VCAP6.5-DCV Design - Objective 2.3 Build availability requirements into a vSphere 6.x logical design

This blog post covers objective 2.3 (Build availability requirements into a vSphere 6.x logical design) of the VCAP6.5-DCV Design exam. It is based on the VMware Certified Advanced Professional 6.5 in Data Center Virtualization Design (3V0-624) Exam Preparation Guide (last update August 2017).

The necessary skills and abilities are documented in the exam prep guide for the older VCAP6-DCV Design exam (3V0-622). I think they also apply to the current version of the exam:

  • Evaluate which logical availability services can be used with a given vSphere solution
  • Differentiate infrastructure qualities related to availability
  • Describe the concept of redundancy and the risks associated with single points of failure
  • Explain class of nines methodology
  • Determine availability component of service level agreements (SLAs) and service level management processes
  • Determine potential availability solutions for a logical design based on customer requirements
  • Create an availability plan, including maintenance processes
  • Balance availability requirements with other infrastructure qualities
  • Analyze a vSphere design and determine possible single points of failure

Let’s start with…

Evaluate which logical availability services can be used with a given vSphere solution

VMware vSphere offers a broad band of features that allows you to create highly available solutions. When we take a look at the infrastructure, feature like VMware HA, FT, or even multiple NICs at a distributed vSwitch allow to increase availablility. When we look at the application layer, other techniques, like DRS can help us to increase availability to use DRS to place VMs on different hosts (anti-affinity rules) etc.
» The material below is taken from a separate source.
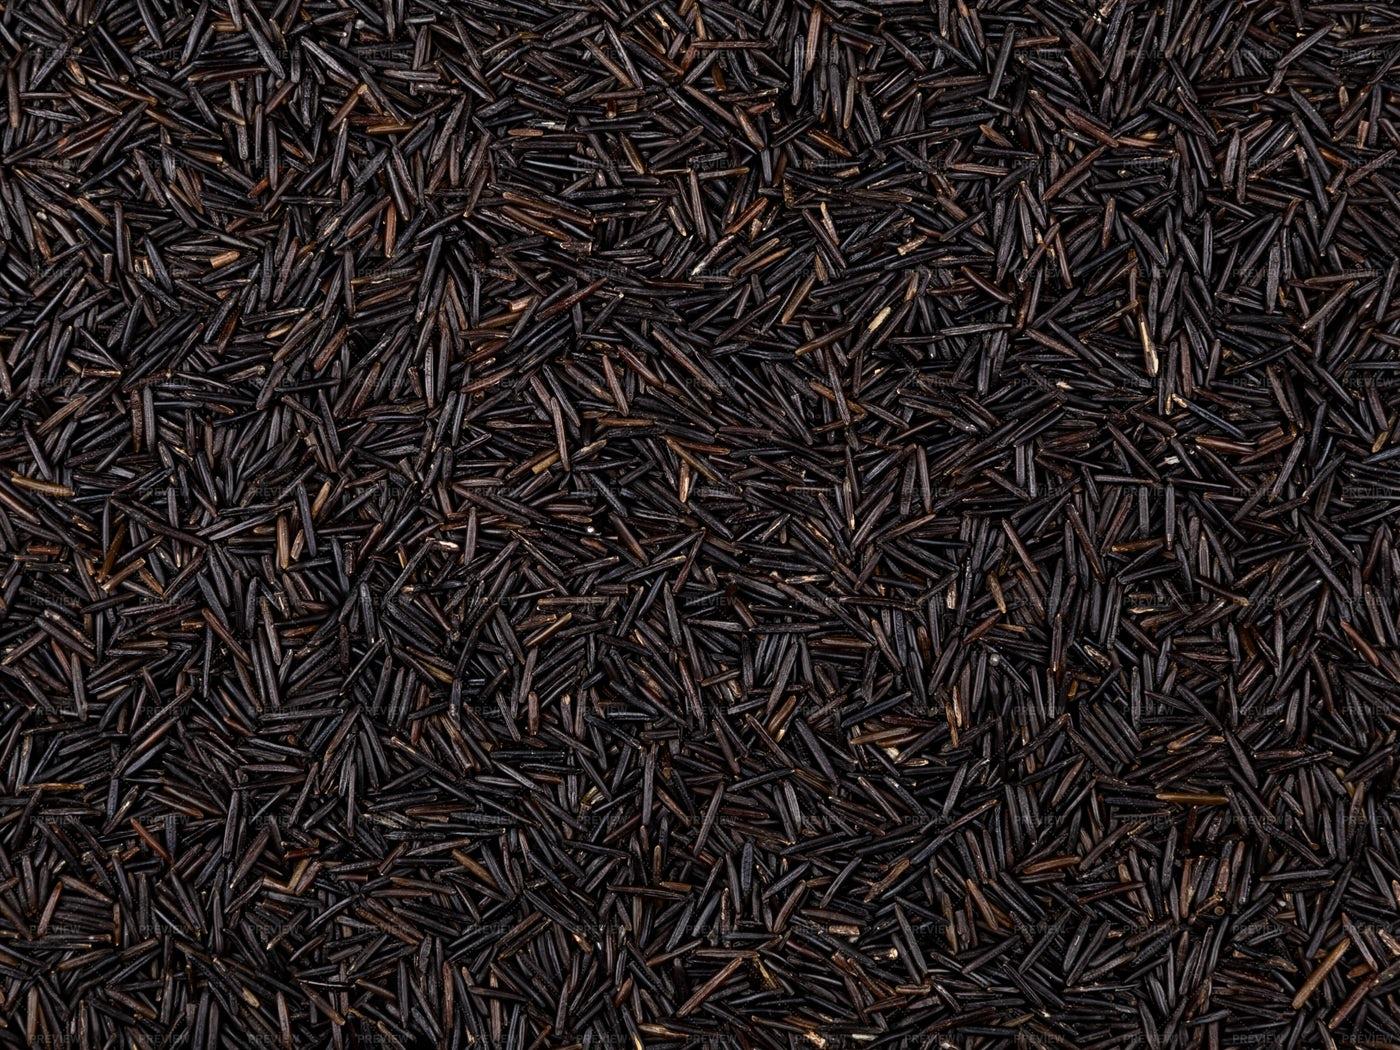 Black Rice Background: Stock Photos

The infrastructure qualities are:

  • Availability
  • Manageability
  • Performance
  • Recoverability
  • Security

Availability and Recoverability are tight together. René van den Bedem has written an very good blog post about how recoverability affectes availability.

Describe the concept of redundancy and the risks associated with single points of failure

This topic is pretty clear and should be easy to explain. You should be able to identify what a single point of failure is, and how you can avoid them. Examples for a single point of failure are:

  • only a single-port HBA in a server
  • only one network uplink from a Top-of-Rack switch to a Core-Switch
  • using of RAID 0

Explain class of nines methodology

This is also easy:

  • Two Nines- 99% - 3.65 days downtime per year
  • Three Nines- 99,9% - 8.76 hours downtime per year
  • Four Nines- 99,99% - 52.6 minutes downtime per year
  • Five Nines - 99,999% - 5.26 minutes downtime per year
  • Six Nines - 99,9999% - 31.56 seconds downtime per year

Important note: “Downtime” means “unplanned downtime”, not planned downtime, like in maintenance windows.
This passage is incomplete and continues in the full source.